Broadway Tower – Photo de Nick Hubbard
Regina. Reine en italien. Reine souveraine et jalouse, non de son manoir qu'elle abhorre, mais de son corps dans lequel elle a investi tout son narcissisme à cause du manque d'affection dont elle a souffert elle-même au cours de son enfance. Envoûtée par son propre charme, Regina s'en sert comme d'un champ magnétique pour subjuguer les autres ou, au contraire, les tenir à distance de façon destructrice. C'est pourquoi cette reine est souvent désignée plutôt comme une sorcière dans un roman qui présente tous les traits d'un conte aux accents irréels alors qu'il est profondément biographique.
Irréel. L'univers de A Scarcity of Love se déploie dans le flou quant à ses lieux d'action comme quant à ses personnages. Les premiers semblent imaginaires, ils ne sont jamais nommés ou presque – en une seule occasion, l'Amérique est évoquée . Les seconds voient mentionnés à peine leur passé, leur profession ou leurs activités quotidiennes . De façon curieuse (ou malicieuse) aussi, à un seul est donné un nom de famille.
Le récit se focalise ainsi sur les relations affectives entretenues par ses protagonistes dont les attentes, les tensions, les élans, les rejets sont décrits avec clarté et précision et, en même temps, quelque chose de (faussement) naïf, d'ingénu. Le style d'Anna Kavan m'a paru, au vrai, rare, voire original. En tous les cas, il concourt à l'étrangeté que dégage l'univers du roman concentré sur des détresses intérieures dont le lecteur n'est pas distrait.
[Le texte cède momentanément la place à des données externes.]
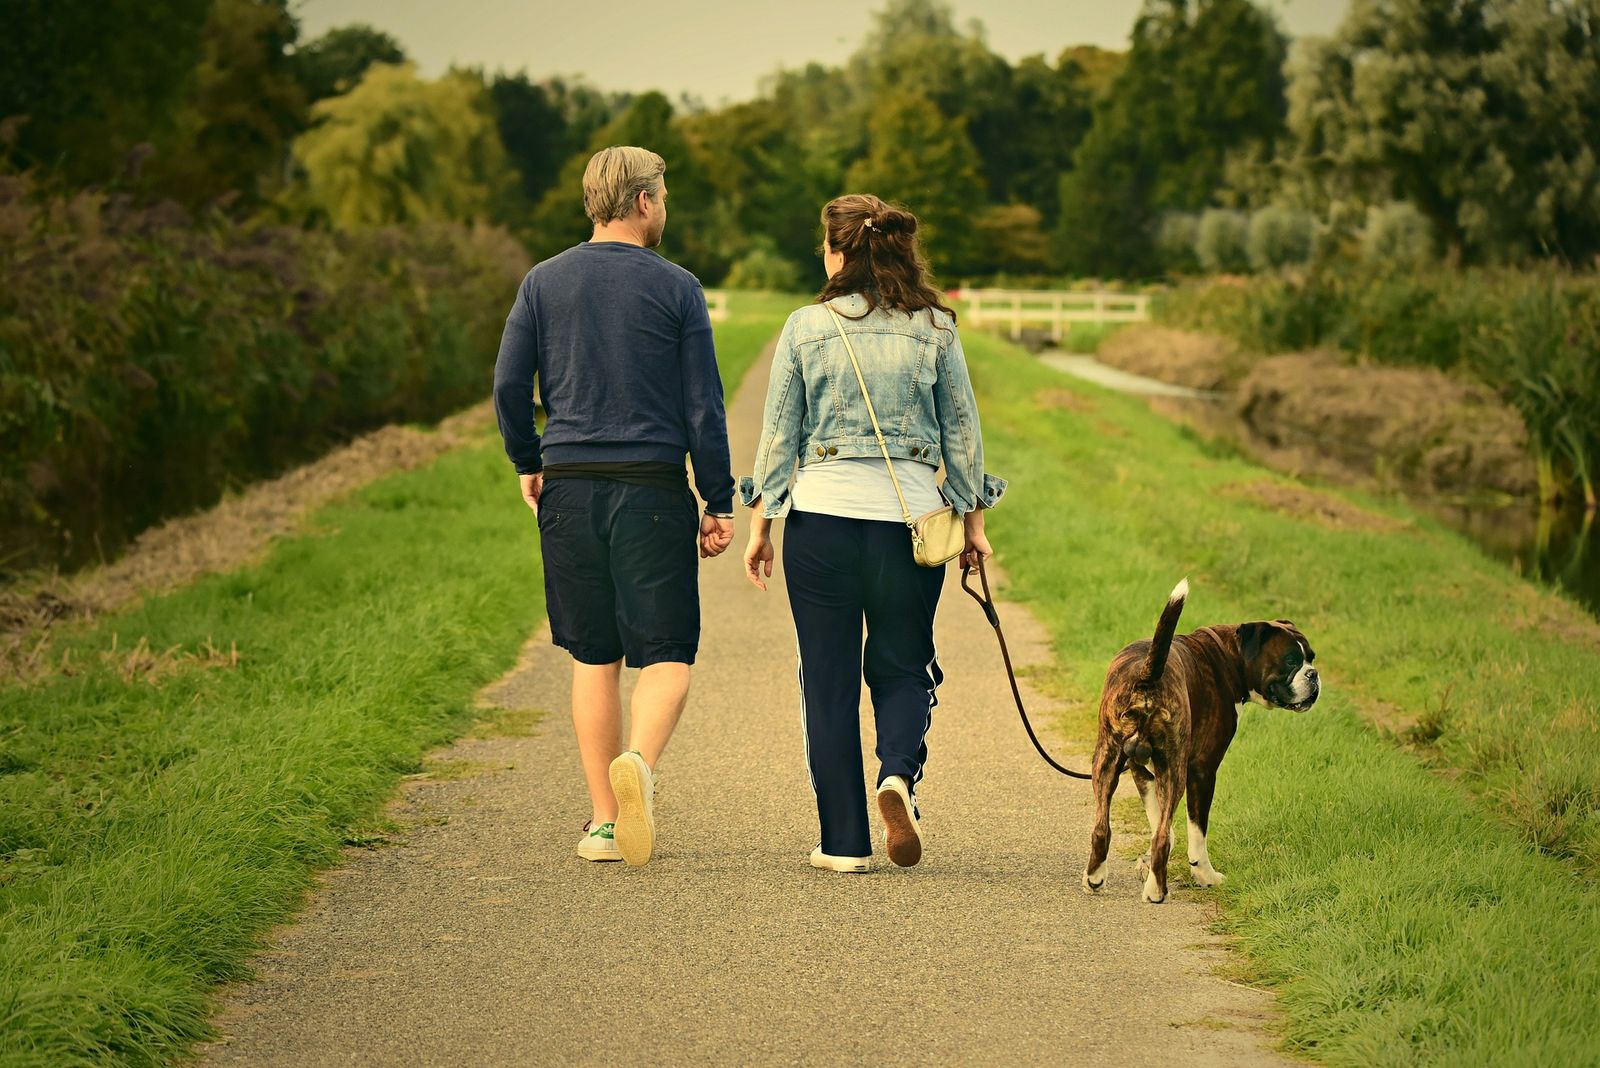 Ein junger Mann mit kurzer Hose und einer Frau mit langer Jogginghose gehen mit einem Boxer an der Leine auf einem Weg spazieren

On pourrait dire qu'il se retrouve lui-même captif d'un charme douloureux devant le sort de Gerda, enfant non désiré, ballot gênant pour sa mère qui la place d'abord dans d'autres mains avant de reprendre sa garde pour l'entraîner dans ses pérégrinations oisives de par le monde.
Non désiré. Regina ne voit guère en sa fille qu'une menace à son culte d'elle-même et la maintient à l'état de dépendance émotionnellement et matériellement.
Victime de mépris et de vexations incessantes, sans ami vers qui se tourner, Gerda ne trouve pour refuge que l'univers féerique qu'elle s'invente, univers dont on ne saura rien au demeurant. Qu'importe, la vie réelle se présente pour Gerda comme un conte maléfique. Et si elle semblera à un moment lui sourire et lui donner l'opportunité d'échapper au sortilège par sa mère, ce sera de manière tout ironique...
Conte maléfique. Les contes traditionnels constituent des récits de passage à la maturité ou de libération d'un ensorcellement qui voient souvent leur héros prendre possession d'un château comme symbole de réussite. Finalement, on pourrait dire que A Scarcity of Love se révèle pour sa part une espèce d'anti-conte allant à rebours du franchissement d'épreuves, de la construction de soi et de l'intégration à la communauté. Il commence dans un château que l'on fuit et se poursuit dans une itinérance sans destination, sans résolution...
… somebody's missing... somebody's missing... somebody's missing…
25 janvier 2016
Anna Kavan : A Scarcity of Love, Peter Owen, 1956.